To change the inference type, pass `--inference-type`:

| Variant | Arguments |
| --- | --- |
| Text2World | `--inference-type=text2world` |
| Image2World | `--inference-type=image2world` |
| Video2World | `--inference-type=video2world` |

To run all example assets:

```shell
torchrun --nproc_per_node=8 examples/inference.py -i assets/base/*.json -o outputs/base
```

To change the model, pass `--model`:

| Model | Arguments | Notes |
| --- | --- | --- |
| 2B | `--model=2B/post-trained` | |
| 2B/distilled | `--model=2B/distilled --inference-type=text2world` | Only Text2World supported. |
| 14B | `--model=14B/post-trained` | |

To see all available options:

```bash
python examples/inference.py --help
```

Parameters are specified as json:

```jsonc
{
  // Inference type: text2world, image2world, video2world
  "inference_type": "video2world",
  // Sample name
  "name": "robot_pouring",
  // Input prompt
  "prompt": "A robotic arm, primarily white with black joints and cables...",
  // Path to the input image/video file (not needed for text2world)
  "input_path": "robot_pouring.mp4"
}
```

### Outputs

#### text2world/snowy_stop_light

<video src="https://github.com/user-attachments/assets/6063060e-7873-4d56-99d1-3f231c535627" width="500" alt="text2world/snowy_stop_light" controls></video>

#### image2world/robot_welding

<video src="https://github.com/user-attachments/assets/260cf600-7b35-408e-9c33-2bb1a23cec2f" width="500" alt="image2world/robot_welding" controls></video>

#### video2world/sand_mining

<video src="https://github.com/user-attachments/assets/ca440ba6-50b1-4b63-b590-063e5e942b6a" width="500" alt="video2world/sand_mining" controls></video>

## Tips

### Multi-GPU

Context parallelism distributes inference across multiple GPUs, with each GPU generating a subset of the video frames.

* The number of GPUs should ideally be a divisor of the number of frames in the generated video.
* All GPUs should have the same model capacity and memory.
* Context parallelism works best with the 14B model where memory constraints are significant.
* Requires NCCL support and proper GPU interconnect for efficient communication.
* Significant speedup for video generation while maintaining the same quality.

### Prompt Engineering

For best results with Cosmos models, create detailed prompts that emphasize physical realism, natural laws, and real-world behaviors.
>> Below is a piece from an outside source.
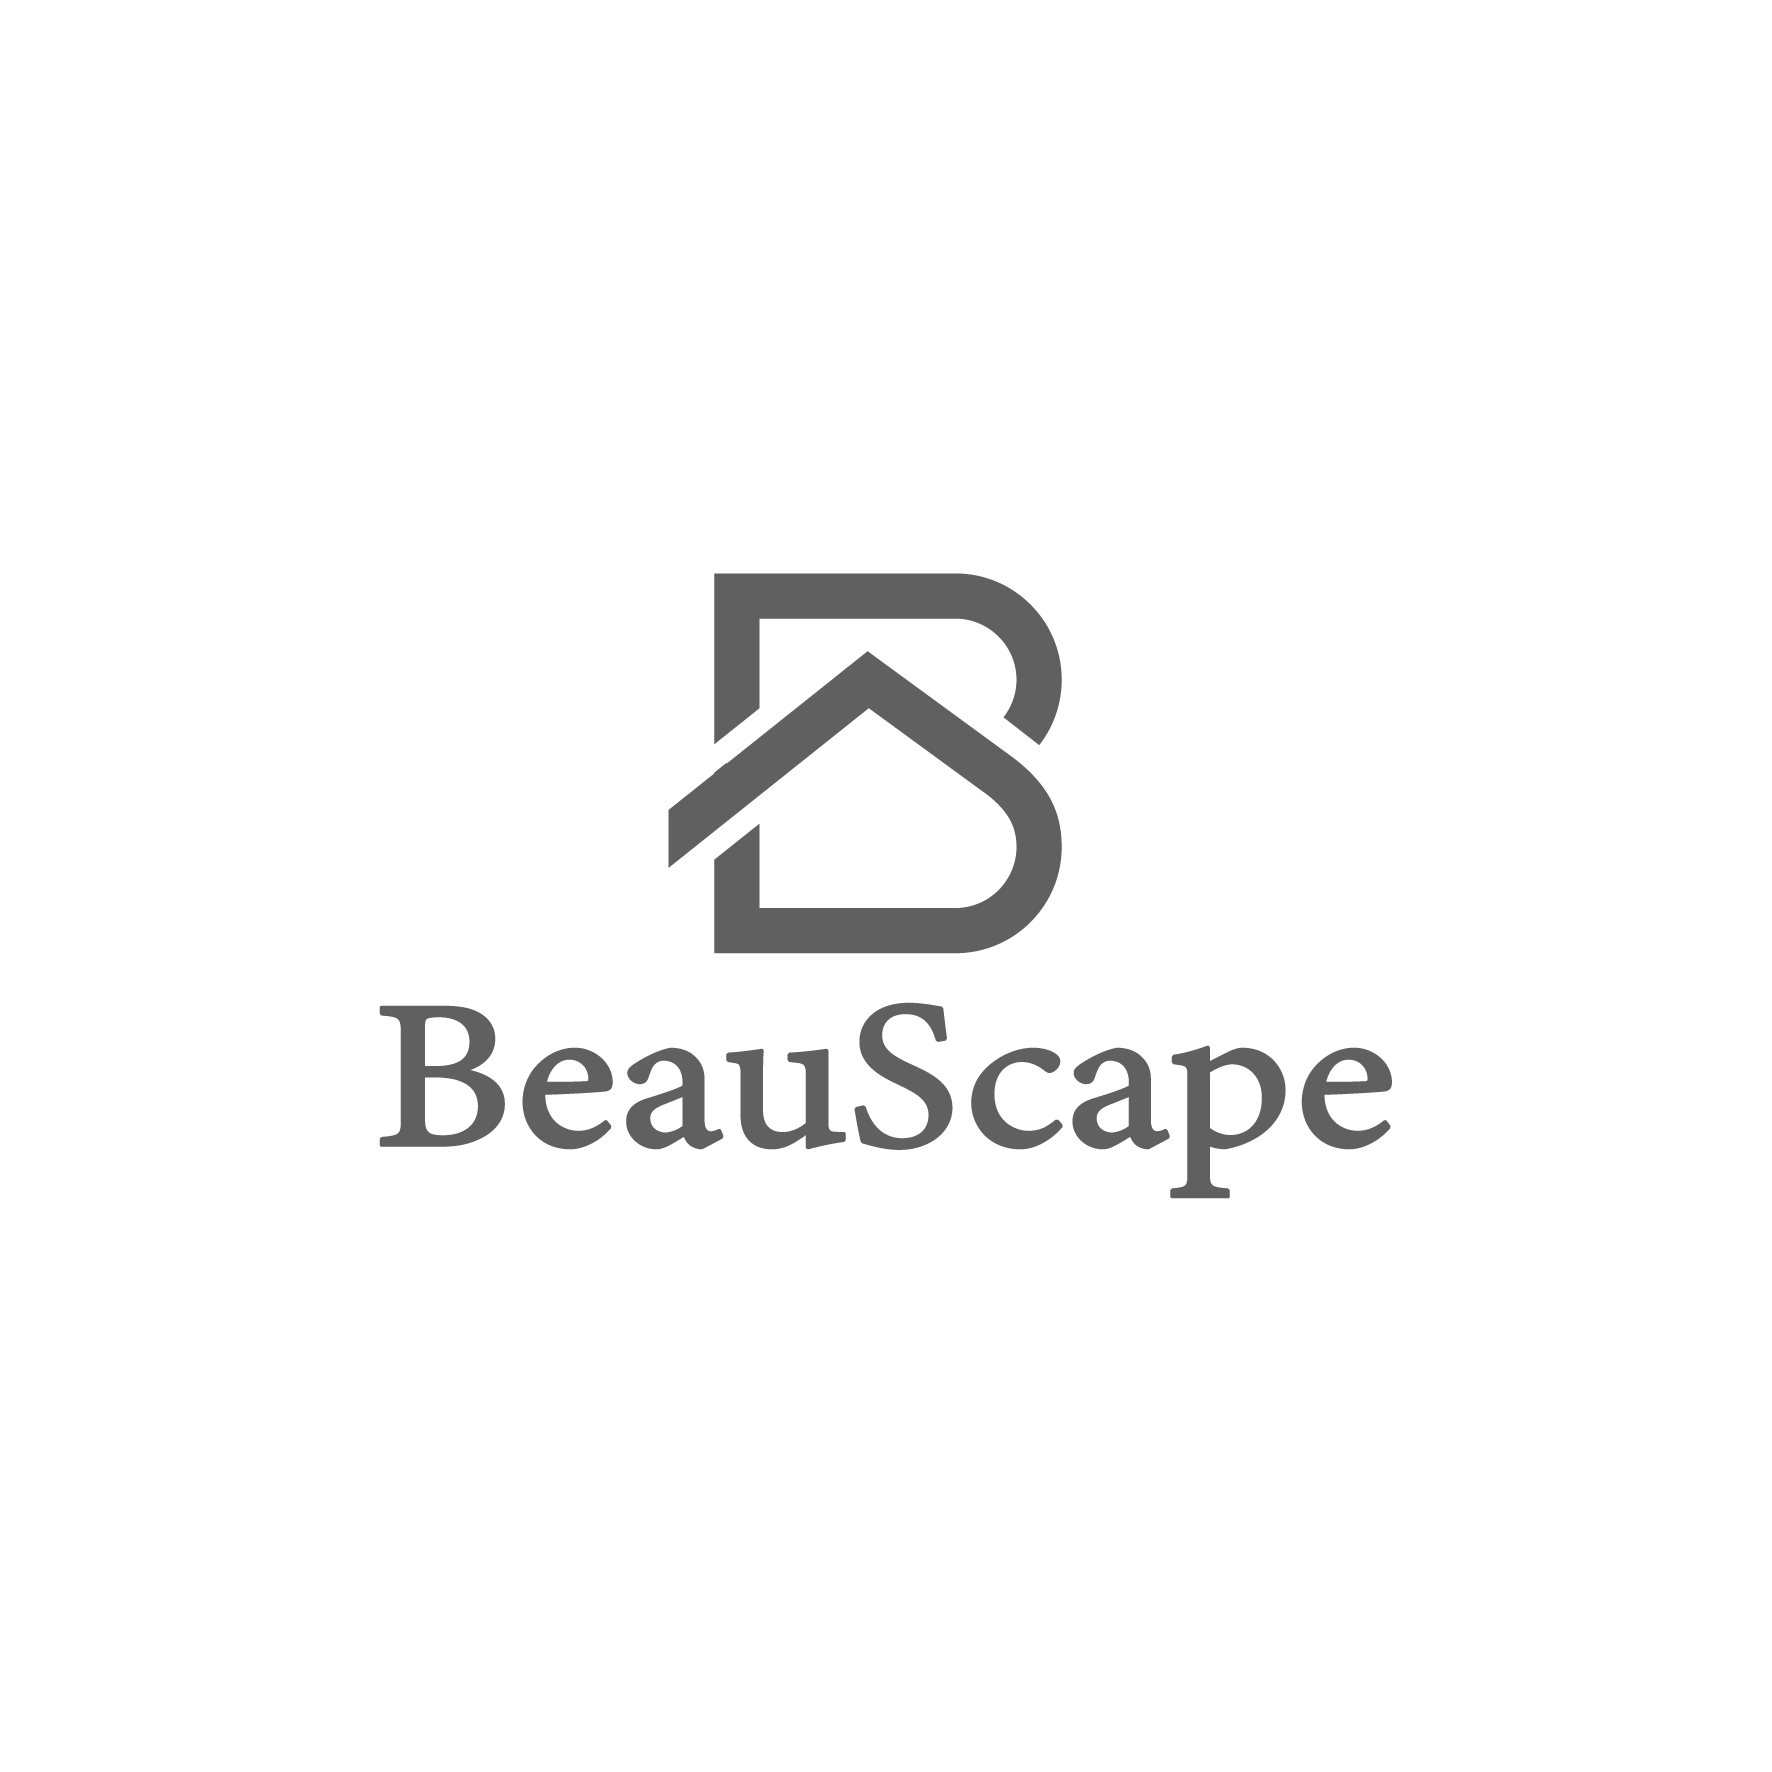 Beauscape's logo

Describe specific objects, materials, lighting conditions, and spatial relationships while maintaining logical consistency throughout the scene.

Incorporate photography terminology like composition, lighting setups, and camera settings. Use concrete terms like "natural lighting" or "wide-angle lens" rather than abstract descriptions, unless intentionally aiming for surrealism. Include negative prompts to explicitly specify undesired elements.

The more grounded a prompt is in real-world physics and natural phenomena, the more physically plausible and realistic the generated image will be.